In a thread today, CryptoLaw founder Attorney John Deaton explained why it would be difficult for the XRP community to successfully sue the US Securities and Exchange Commission and what the community would need to do.
It should be noted that the SEC is part of the executive branch of government. As a result, the principle of separation of powers limits the court’s ability to perform core functions such as enforcement and legal action. According to Deaton, this explains why a case against the SEC for classifying XRP as a security, like the petition for a writ of mandamus he filed in January 2021, will likely fail.
The attorney explains that, under the protections provided by the separation of powers principle, the SEC has discretion over who it sues and what claims it makes. While Deaton believes the SEC can be challenged “based on gross abuse of discretion,” the lawyer believes the court will require hard evidence.
“Who the SEC elects to sue and the specific allegations it asserts are w/in the discretionary functions of the Executive Branch,” Deaton explains. “You can challenge a decision based on a gross abuse of discretion standard (extremely high standard to meet). You need specific evidence of misconduct.”
To that end, Deaton believes an investigation into the SEC’s decision to sue Ripple and the reasoning behind its unprecedented claims is required. Furthermore, he claims that the XRP community will need to obtain subpoenas to access the emails of high-ranking SEC officials at the time who may have had the incentive to go after Ripple.
“You need specific evidence,” Deaton reiterated. “This is why we need an investigation into the decision to file the case and why it was filed, when it was filed, and how it was filed (the absurd broad allegations).”
“We need subpoena power to get personal emails between former SEC officials and interested 3rd parties. Was there a quid pro quo? There could be enough evidence to get over the hurdles and meet the high burden and not get dismissed quickly like the Madoff cases, but you need more.”
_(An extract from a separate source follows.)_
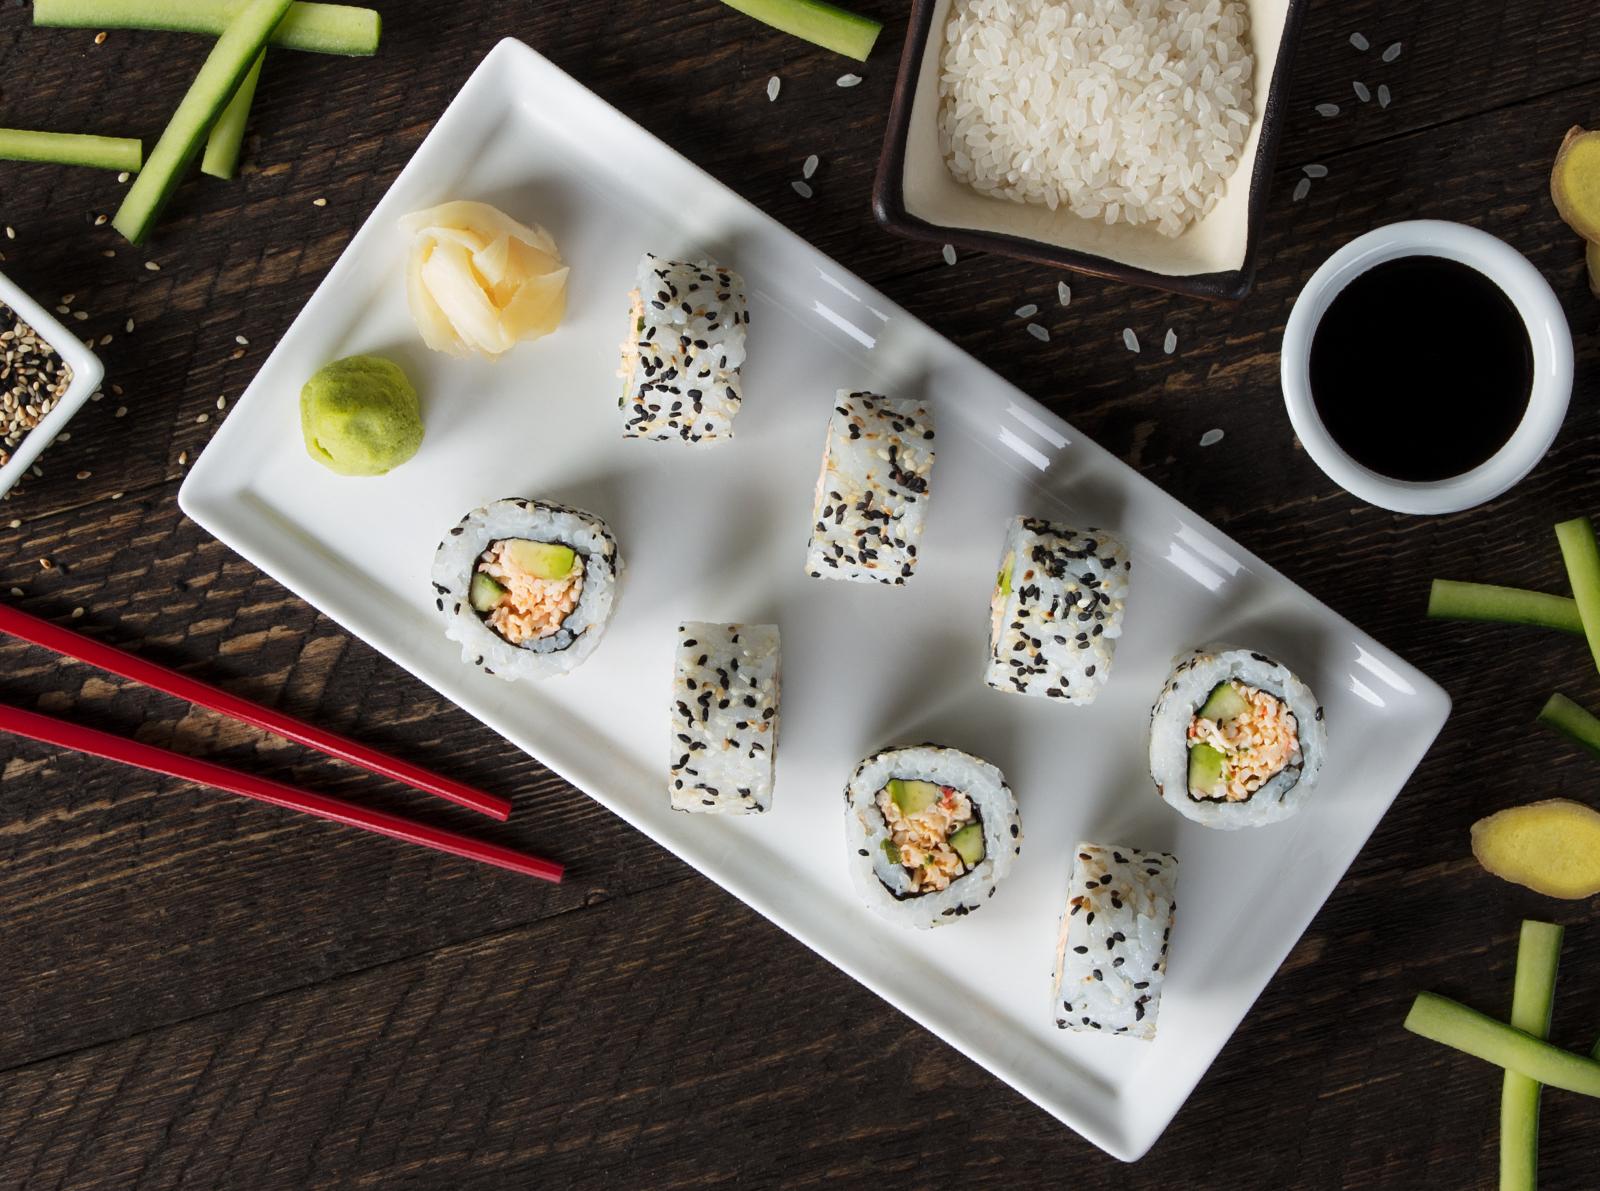 Pf changs free sushi day
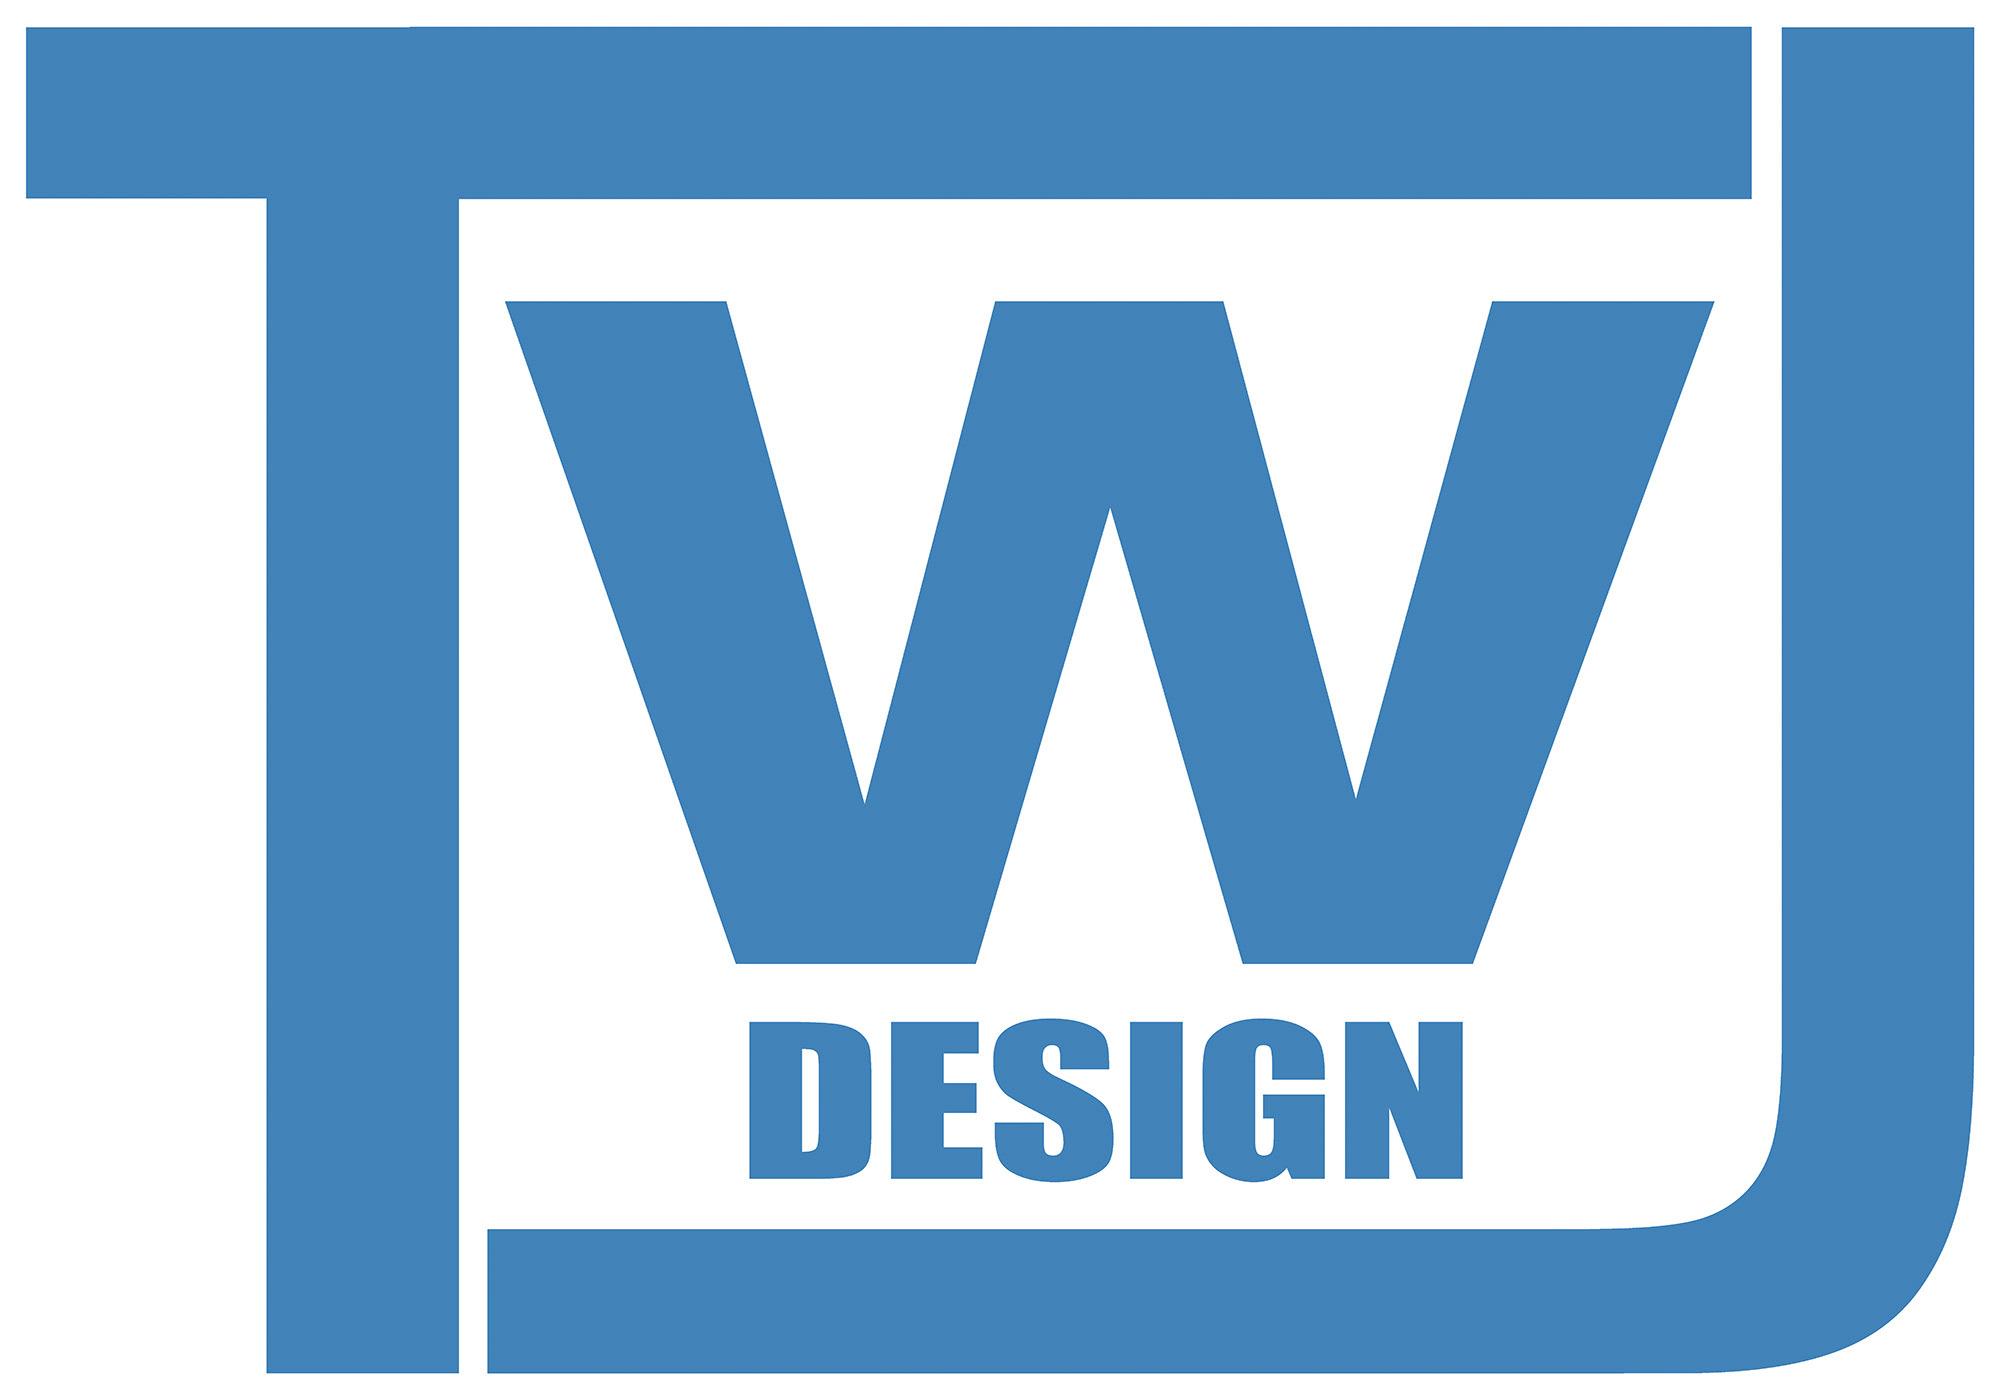 WIUM DESIGN

It is worth noting that, despite the SEC’s mandate to protect consumers, XRP holders have been the biggest losers in the SEC vs. Ripple case. Deaton pointed out in his writ of mandamus that the SEC’s determination that XRP is a security is unprecedented in over 70 years of securities law. It contradicts previous advice, such as Howey’s test. Notably, an investment contract can package anything as a security. However, this does not make the underlying asset security in and of itself.
Notably, Deaton revives this argument in his request to file an amicus brief in support of LBRY’s Motion To Limit The Remedies against the SEC.